WHAT TO WORK ON → Copy the data below exactly, but not the pictures it contains.

EXERCISE DATA →

================

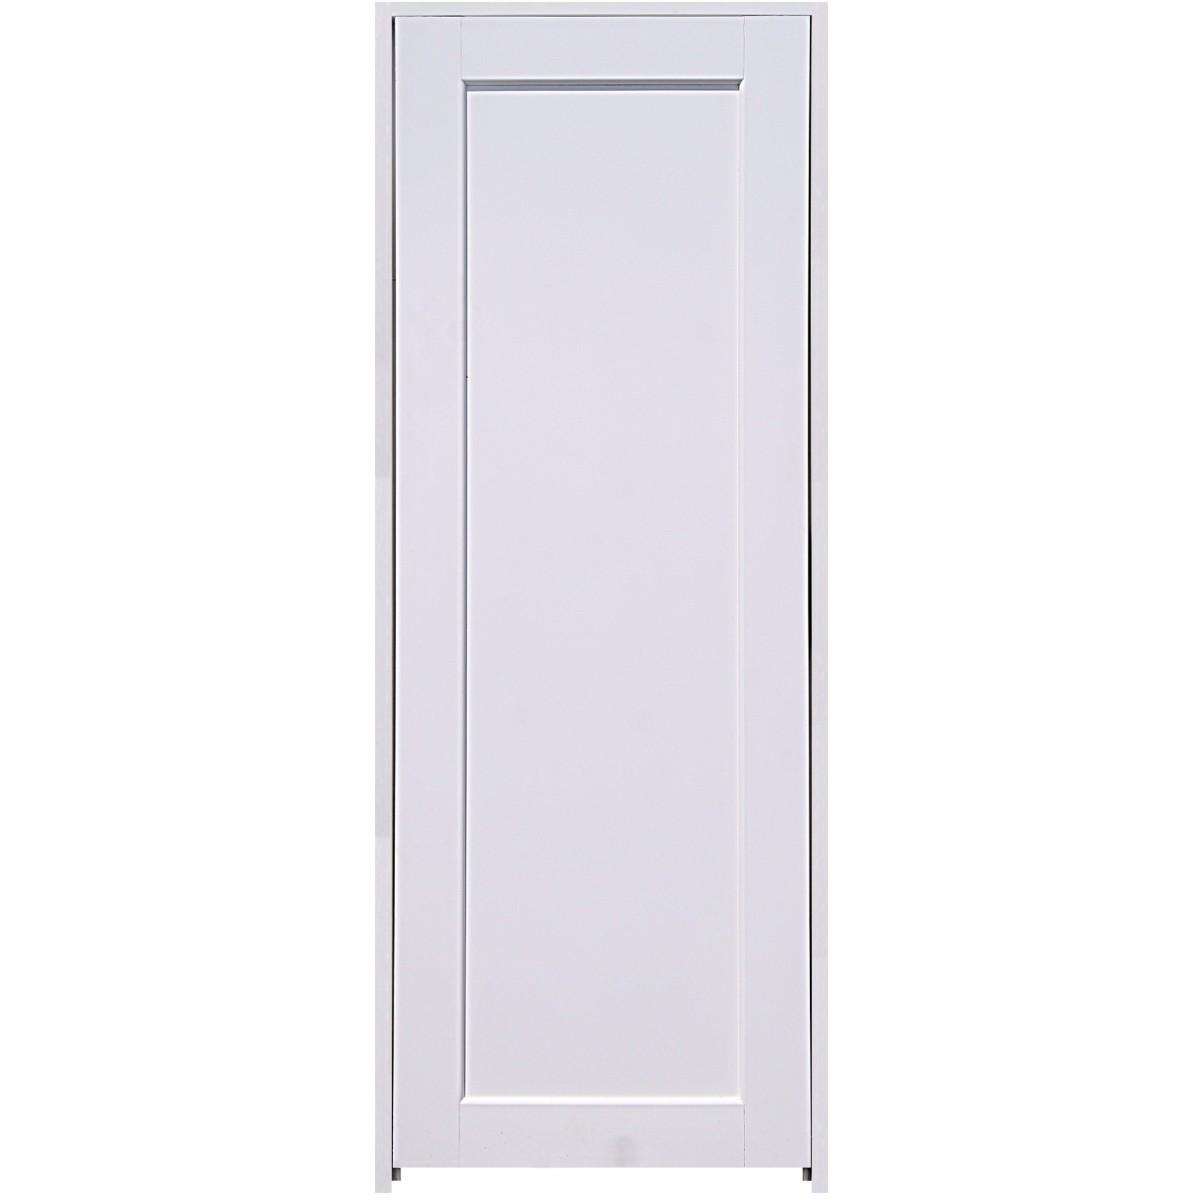 Блок дверной Аквапласт 70x200 см ПВХ с фурнитурой
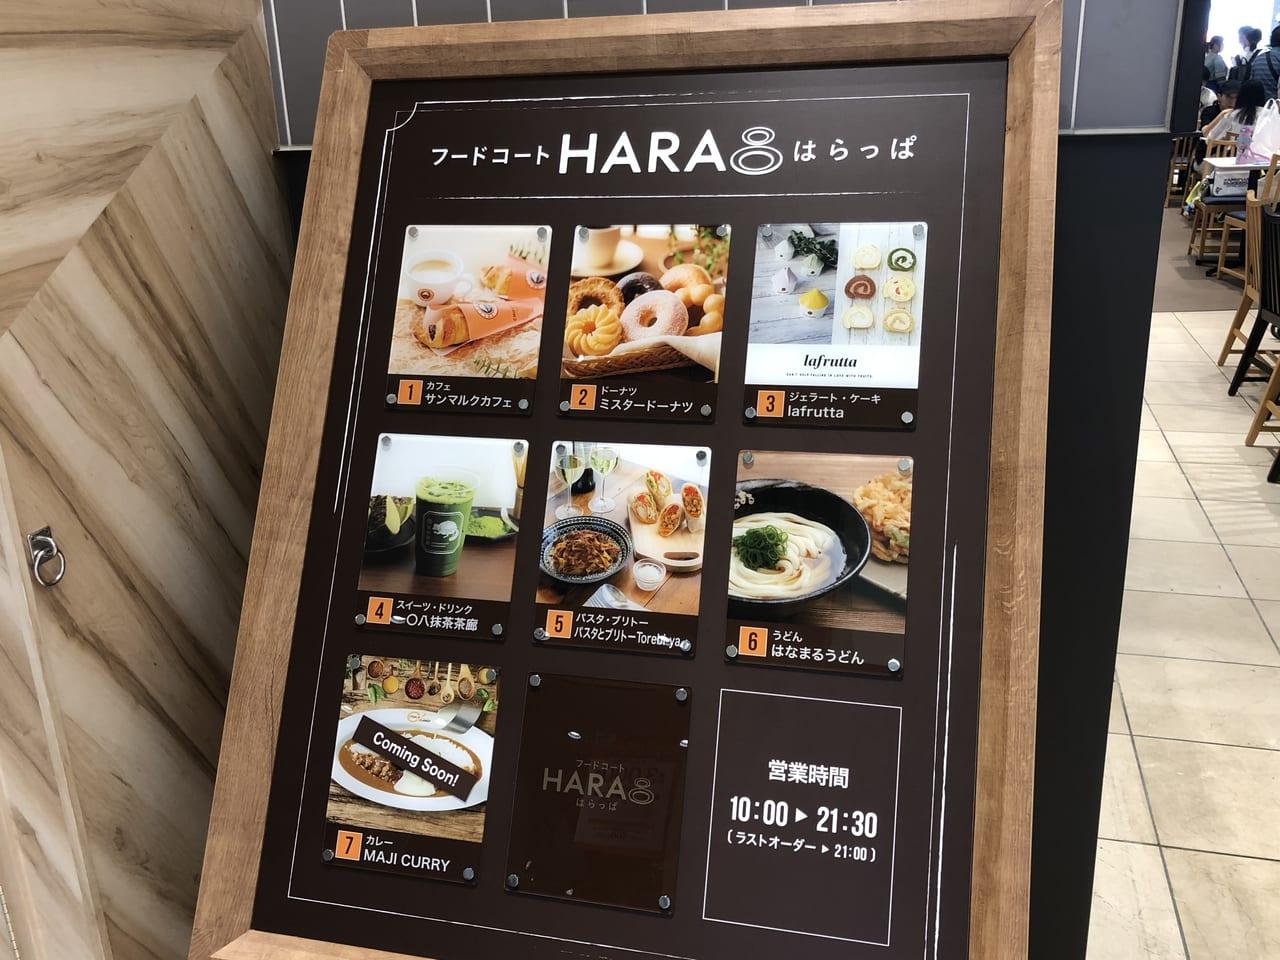 丸井志木ハラッパ
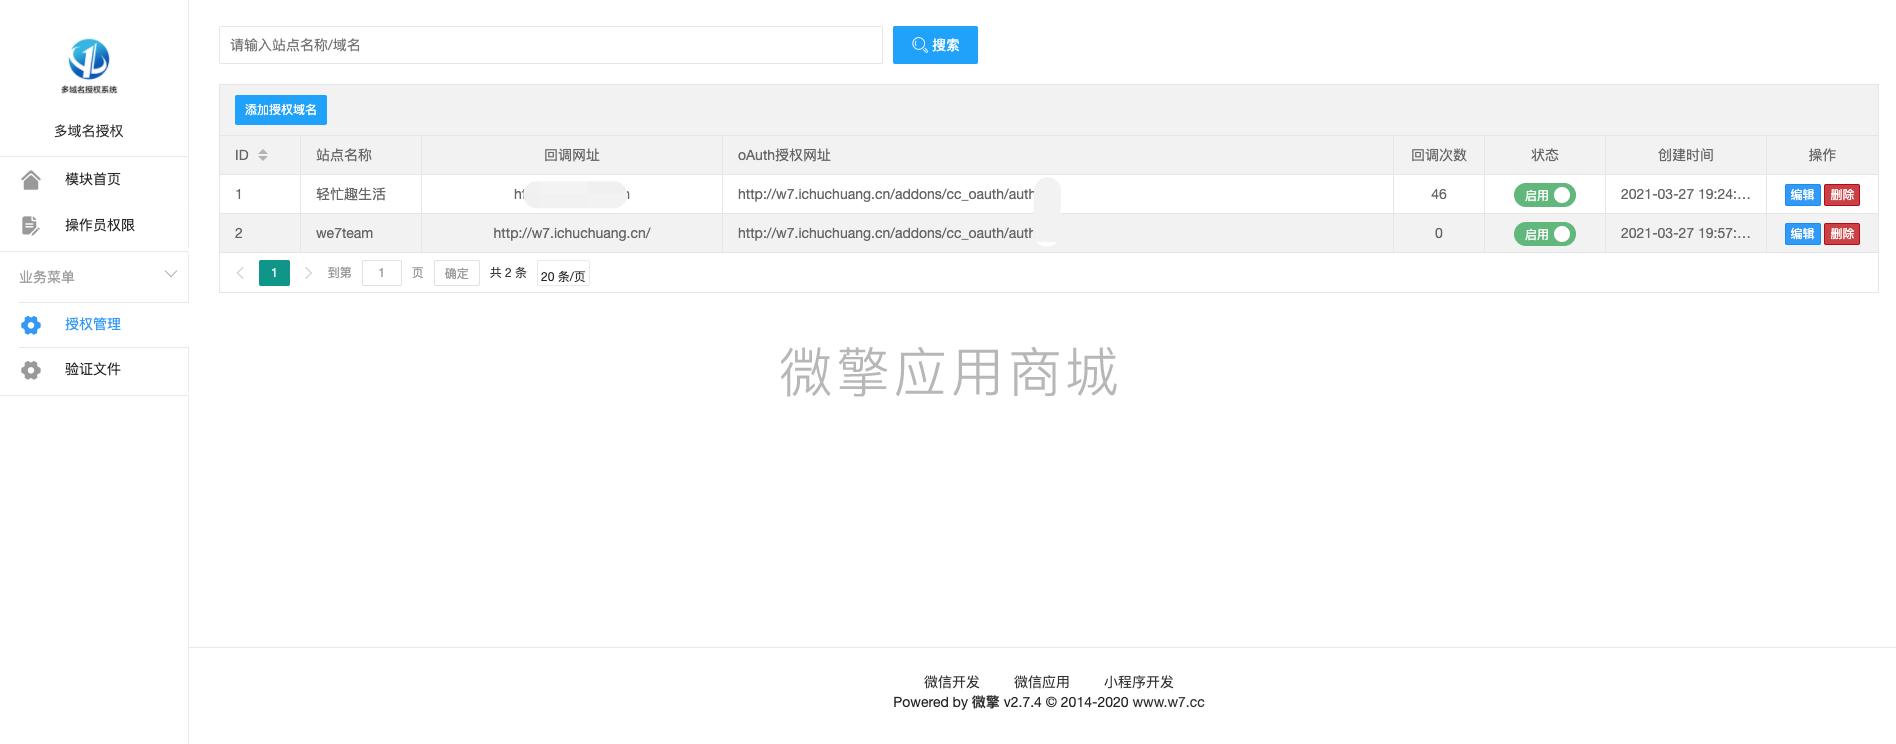 【公众号应用】多域名授权V1.2.2,完善多落地域名回调 公众号应用 第4张
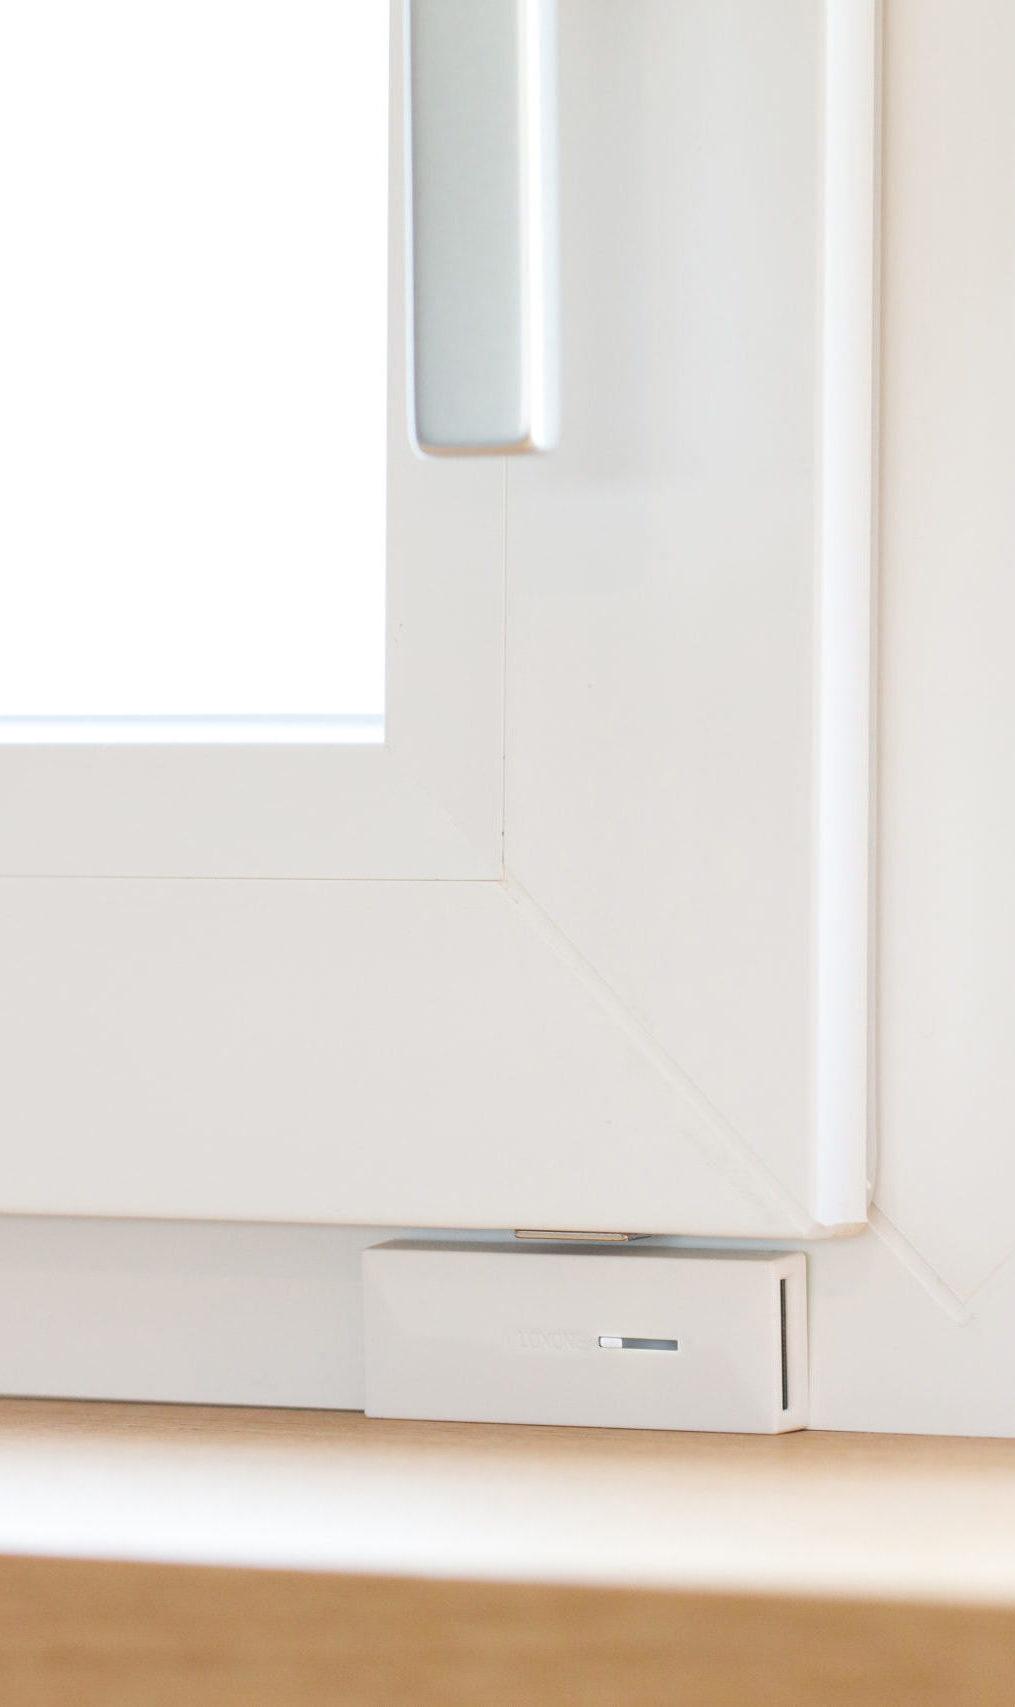 Contactos de puerta y ventana

================

EXERCISE ANSWER →
 Блок дверной Аквапласт 70x200 см ПВХ с фурнитурой
 丸井志木ハラッパ
 【公众号应用】多域名授权V1.2.2,完善多落地域名回调 公众号应用 第4张
 Contactos de puerta y ventana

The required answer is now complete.